Abstract
Objective: Pheochromocytomatosis is a rare cause of recurrent pheochromocytoma due to seeding of tumor cells at the time of adrenalectomy. The diagnosis can be difficult and a high degree of suspicion is required pre-operatively. We present the case of a 57-year-old woman with a long history of symptoms suggestive of recurrent pheochromocytoma that evaded diagnosis for many years.
Methods: We describe the clinical course, diagnosis, and management. We also present a comprehensive review of the current literature.
Results: Pheochromocytomatosis in our patient presented as multiple recurrent episodes of tachycardia and hypertension 15 years after left adrenalectomy for pheochromocytoma. Diagnosis was evaded until complete hormonal evaluation confirmed biochemical evidence of catecholamine overproduction. Imaging revealed two sites of recurrence. Management included alpha-blockade followed by radio-guided surgery using 123I-labeled metaiodobenzylguanidine scintigraphy and a gamma probe. At surgery, pheochromocytomatosis involved the spleen, omentum, and adrenal bed. A complete en bloc resection was performed, allowing normalization of the patient's blood pressure and heart rate postoperatively. Review of the literature identified 4 similar cases. Radio-guided surgery has been used in a few cases to localize pheochromocytoma, but has not been reported previously for intra-operative localization of pheochromocytomatosis.
Conclusion: Our case highlights the importance of life-long follow-up and thorough endocrine evaluation for patients with recurrent symptoms after initial surgical treatment for pheochromocytoma. It also describes the utility of radio-guided surgery in the treatment of pheochromocytomatosis.
Abbreviations: CPS = counts per second; CT = computed tomography; MIBG = 123I-labeled metaiodobenzylguanidine; SDH = succinate dehydrogenase
INTRODUCTION
Pheochromocytomas are rare, often benign, catecholamine-producing tumors of the adrenal gland that require surgical resection for definitive treatment (1). Rates of postoperative remission are excellent, but despite the apparently benign pathology of most pheochromocytomas, recurrence can occur following surgical resection with a reported frequency of 6 to 23% (2,3). The risk of recurrence is higher in hereditary syndromes, as well as with certain clinical features, such as primary tumor size (>5 cm) and primary tumor location (paraganglioma), which predict the possibility of malignancy and, therefore, a higher risk of recurrence (4–6). Hereditary syndromes associated with pheochromocytoma include multiple endocrine neoplasia type 2A, neurofibromatosis type 1, von Hippel-Lindau disease, and hereditary pheochromocytoma-paraganglioma syndrome due to mutations in the succinate dehydrogenase (SDH) subunit genes or other recently reported genes (6).
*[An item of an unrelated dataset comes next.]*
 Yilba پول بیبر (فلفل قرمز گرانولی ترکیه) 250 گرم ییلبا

However, recurrence of pheochromocytoma can also be secondary to mechanical or surgical factors such as local seeding of benign tissue at the time of adrenalectomy, just as parathyromatosis can be caused by seeding of benign parathyroid tissue at the time of parathyroidectomy (7). We report a case of pheochromocytomatosis that presented more than a decade following adrenalectomy, and the use of radio-guided surgery to assist with aggressive en bloc resection of the benign tumor implants.
Case Report
Fifteen years prior to referral to our hospital, a 42-year-old woman presented on multiple occasions to the emergency department with headache, sweating, tachycardia, and hypertension. Fractionated urinary normetanephrine was elevated at 2,900 μg/24 hours (normal range, 82 to 500 μg/24 h; 110 to 1,050 μg/24 h in hypertensive patients) and a diagnosis of pheochromocytoma was made. A 4-cm left adrenal mass was identified and open left adrenalectomy was performed. The operative report described tumor disruption during surgery. Pathology confirmed a 4.6-cm encapsulated pheochromocytoma in multiple irregular fragments. There was mild nuclear atypia but no mitotic figures or angiolymphatic invasion. The patient's symptoms improved postoperatively.
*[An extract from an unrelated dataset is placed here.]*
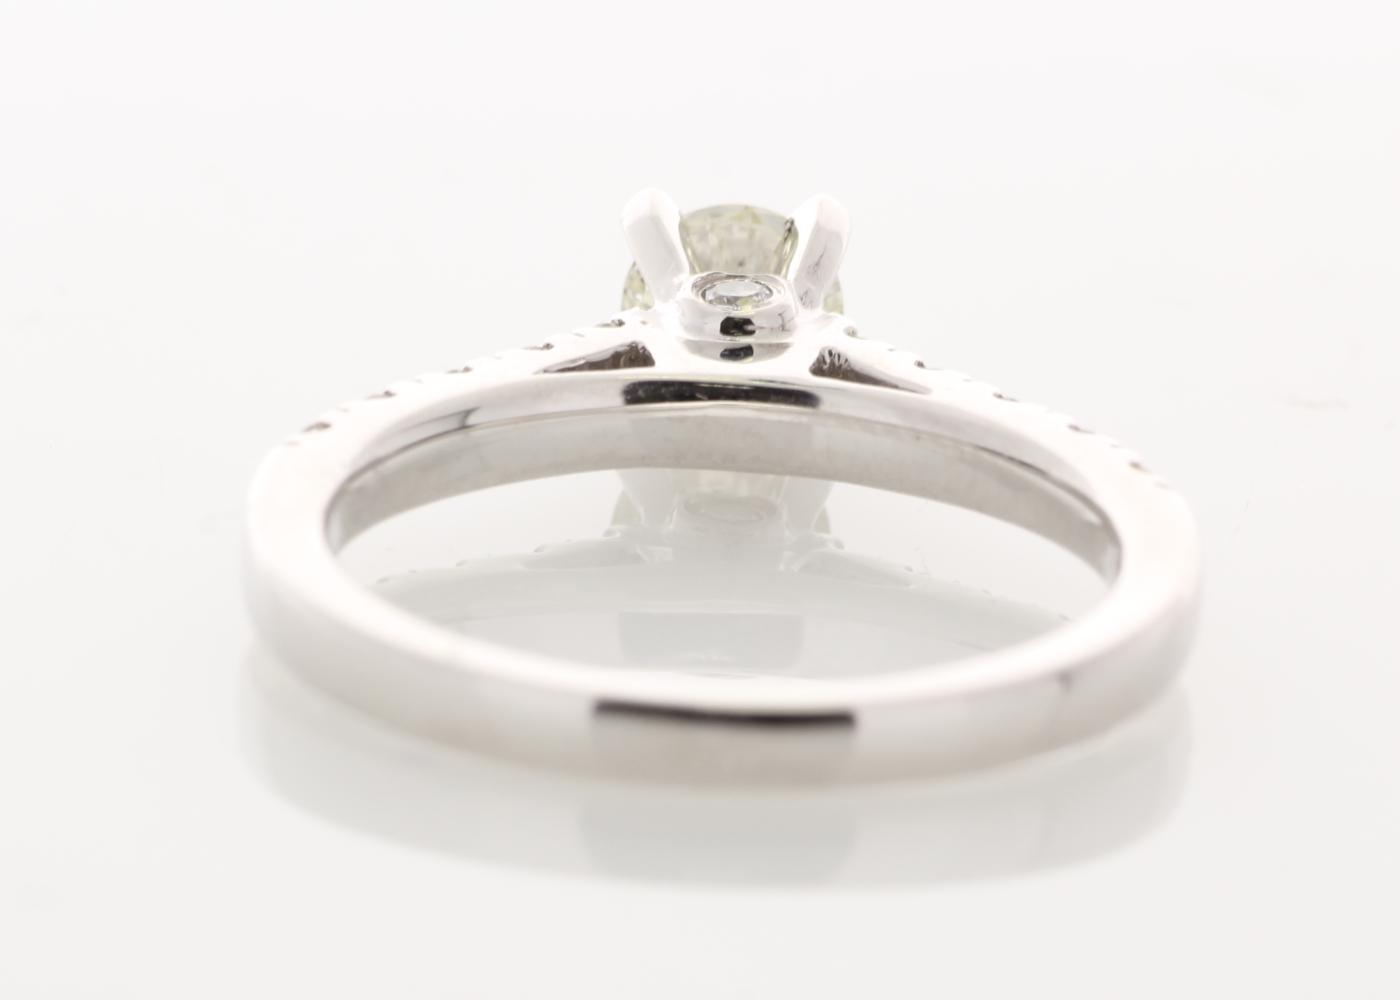 18k White Gold Stone Set Shoulders Diamond Ring 0.91 Carats - Image 4 of 5

Ten years postoperatively, the patient developed recurrent symptoms: initially “black-outs”, later tachycardia and fatigue, precipitating multiple visits to the emergency department. She developed congestive heart failure with dilated cardiomyopathy and an ejection fraction of 20%. She was started on beta-blockers and angiotensin inhibitors.
Five years later, at age 57, she was referred to our hospital with worsening fatigue, palpitations, sweating, constipation, nausea, and left upper abdominal and flank pain. Despite long-term treatment with metoprolol and losartan, the patient's blood pressure was not well controlled at 138/80 mm Hg. Work-up for recurrent symptoms revealed fractionated urinary normetanephrine and norepinephrine levels of 1,554 μg/24 hours (normal range, 110 to 1,050 μ/24 h) and 212 μg/24 hours (normal range, <135 μg/24 h), respectively, which biochemically confirmed recurrent pheochromocytoma.
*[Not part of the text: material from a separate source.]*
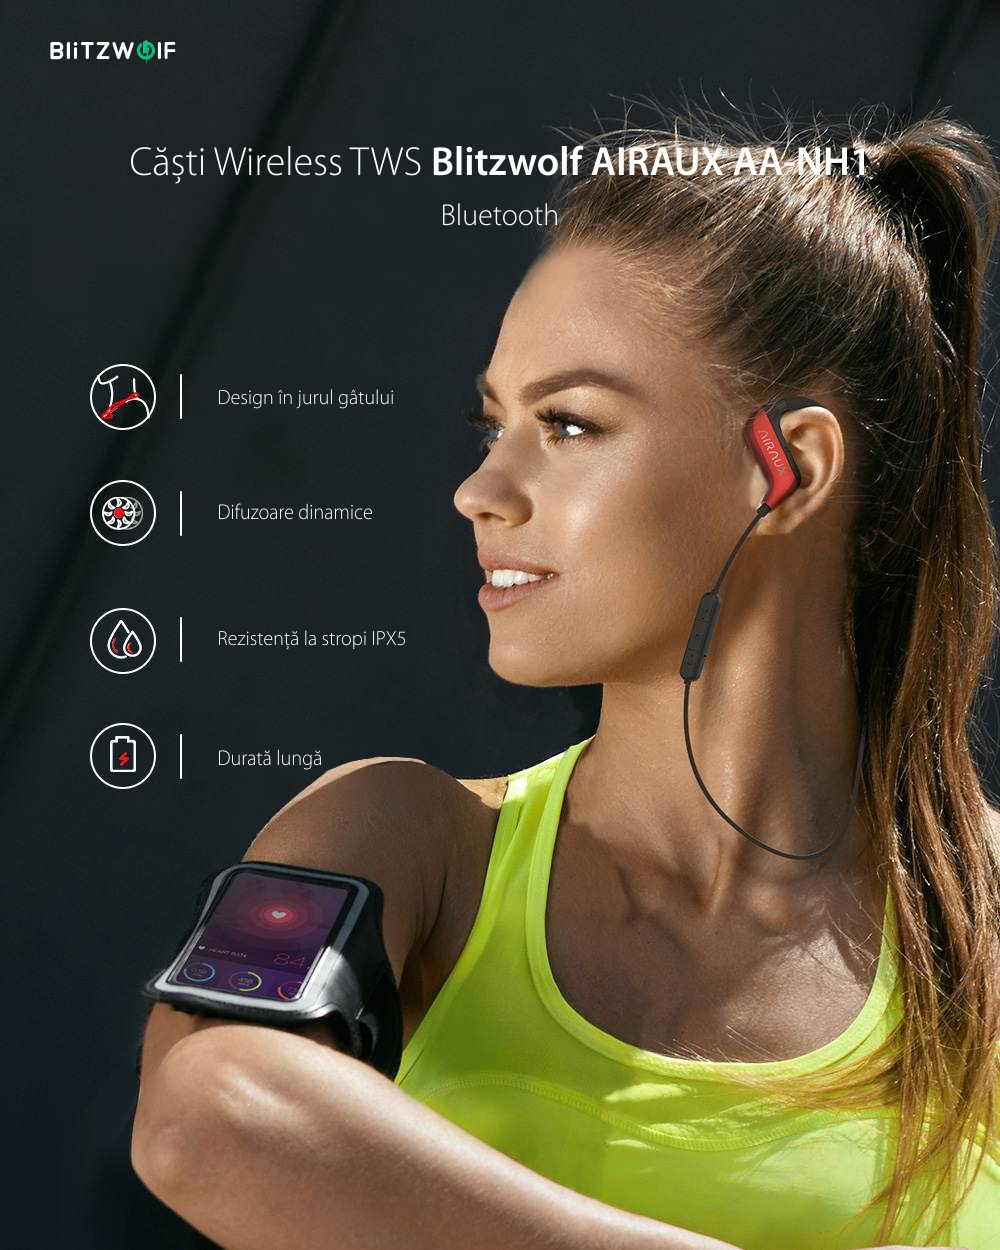 Casti BlitzWolf AIRAUX AA-NH1, Rosu si negru, Wireless, Bluetooth 5.0, Impedanta 16 ohm

Imaging was then performed for tumor localization and to determine whether the excess catecholamine production arose from local tumor recurrence, a new pheochromocytoma, or metastatic disease. A 123I-labeled metaiodobenzylguanidine (MIBG) scan of the abdomen was performed first to confirm the site(s) of excess catecholamine production, demonstrating 2 foci of increased activity: the left adrenalectomy bed (Fig. 1 A) and the left paracolic gutter (Fig. 1 B). A computed tomography (CT) scan was then performed to more accurately localize the areas of tumor recurrence. CT confirmed multiple foci of irregular, nodular soft tissue corresponding to the same areas observed on the MIBG scan (Fig. 2). A total of 5 soft tissue densities were identified on CT, the largest of which was directly adjacent to surgical clips in the adrenal bed and measured 3.1 × 1.6 cm.
Fig. 1.
123I-labeled metaiodobenzylguanidine – single photon emission computed tomography scan of the abdomen demonstrating foci of increased activity (arrows) in (A) the left adrenal bed and (B) the left paracolic gutter.
Fig. 2.
Computed tomography scan demonstrating multiple foci of irregular, nodular soft tissue deposits (arrows), corresponding to (A) the left adrenal bed, adjacent to metal surgical clips (arrowheads), with normal right adrenal gland (thin arrow), (B) an area just inferolateral to the left adrenal bed, and (C) the left paracolic gutter, directly adjacent to the descending colon.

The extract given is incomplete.